En rétablissant provisoirement les contrôles à ses frontières, la chancelière allemande ne s’est pas alignée sur les positions de la droite française, comme le claironne un très respectable fils d’immigré hongrois qui brigue l’Elysée. Pourquoi ? Primo, parce que cette possibilité est offerte à titre exceptionnel par l’accord de Schengen, et Angela Merkel n’entend pas le remettre en question comme le prône Nicolas Sarkozy, ce qui ne changerait d’ailleurs rien aux flux actuellement constatés. Secundo, parce que la politique bienveillante de Berlin n’a pas changé. Pendant les contrôles aux frontières autrichiennes, les arrivées de réfugiés se poursuivent : on en a compté 3 800 lundi. Fin 2015, l’Allemagne aura ainsi accueilli 800 000 à 1 million de demandeurs d’asile, douze fois plus que la France. Merkel ne fait preuve en la matière d’aucune fantaisie : elle applique simplement, comme la loi le prévoit, le droit d’asile, pour lequel il ne peut y avoir de limitation quantitative. La chancelière se retrouve ainsi bien loin des attitudes restrictives en vogue dans notre pays, où l’on saluera néanmoins un changement de ton.

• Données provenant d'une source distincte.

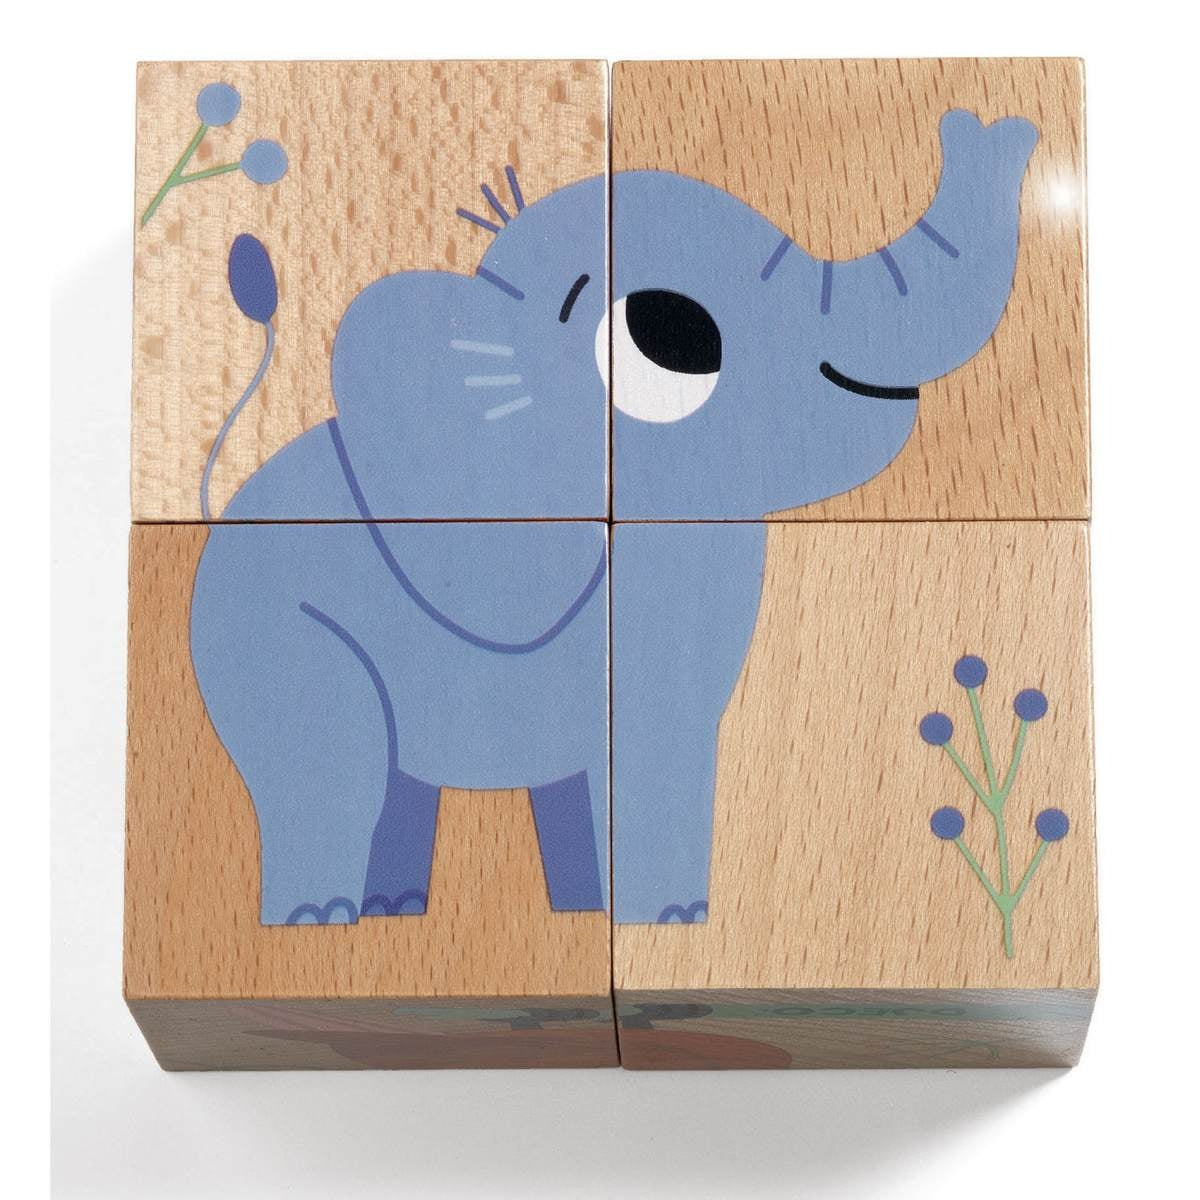 Das DJECO Würfelpuzzle Wild & Co besticht mit den 4 gut greifbaren Puzzleteilen (9 x 9 x 4,5cm) und den süßen Illustrationen. Das Holz ist gut sichtbar und unterstreicht den Naturcharacter des Spielzeugs.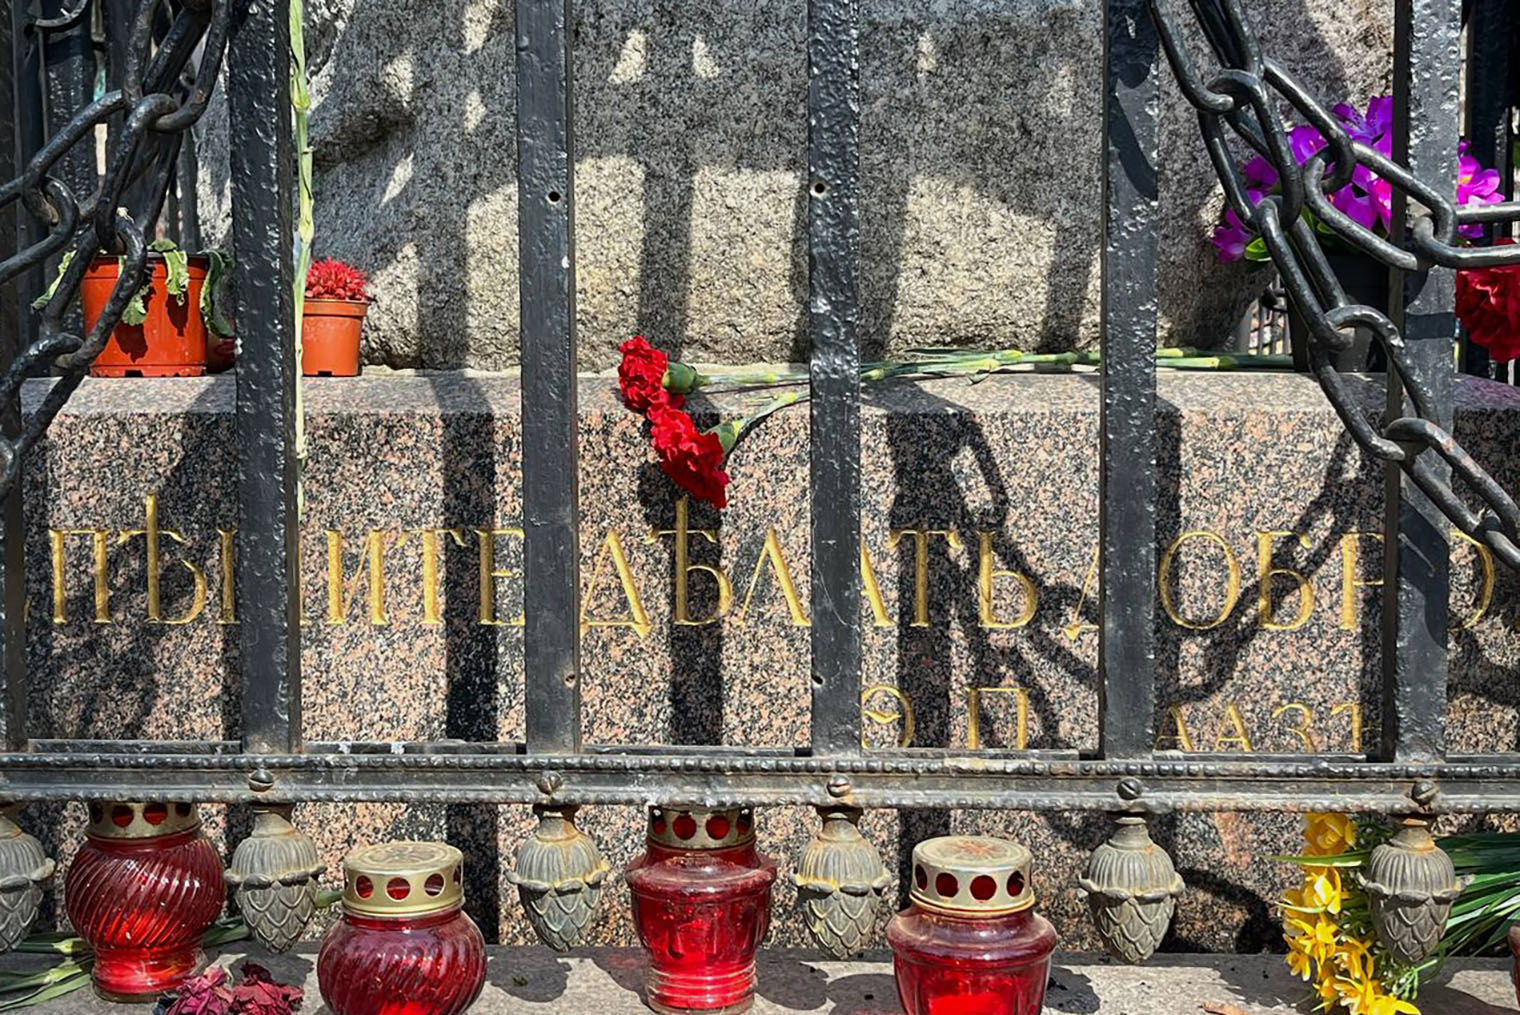 На надгробии доктора Гааза выбито «Спешите делать добро», а на железном ограждении висят кандалы

Jusqu'ici plus adepte de fermeté que d'humanité, le ministre de l'Intérieur, Bernard Cazeneuve, a ainsi fustigé lundi l'incapacité de ses homologues européens à se mettre d'accord sur une répartition contraignante des réfugiés : «Pendant que nous tergiversons, les opinions publiques nous jugent, et les migrants meurent», a-t-il indiqué. Réjouissons-nous : le gouvernement n'a pas toujours eu cette pensée pour les 2 800 personnes noyées en Méditerranée depuis janvier, alors que ce cimeterium nostrum aurait dû depuis longtemps scandaliser nos leaders. Il leur a fallu la photo du petit Aylan pour se réveiller : on s'en félicitera, tout en restant perplexe devant un tel retard à l'allumage. Depuis, les petits Aylan se multiplient, hélas sans photo : 38 noyés dimanche en mer d'Egée, entre Turquie et Grèce, 22 victimes mardi dans une barque tentant de rejoindre Kos. Ces morts ne font pas les gros titres : on n'a pas d'image… Mais il faut rappeler ceci : la responsabilité en incombe en partie à la politique des pays européens. Comme le remarquait Médecins sans frontières, dimanche, dans une lettre ouverte au président de la République, certaines mesures «ont même aggravé» la situation, comme ces «barrières et empreintes digitales obligatoires [qui] ne font qu'inciter les gens à opter pour des itinéraires clandestins toujours plus dangereux». «Peu importe les obstacles, ces personnes continueront de venir», souligne l'ONG. Qui dégaine une proposition déjà évoquée, mais en vain jusqu'ici : l'Europe doit instaurer des voies légales d'entrée pour les demandeurs d'asile. C'est effectivement la seule solution possible si l'on veut que le compteur des morts - dix par jour environ en 2015 - freine sa course folle.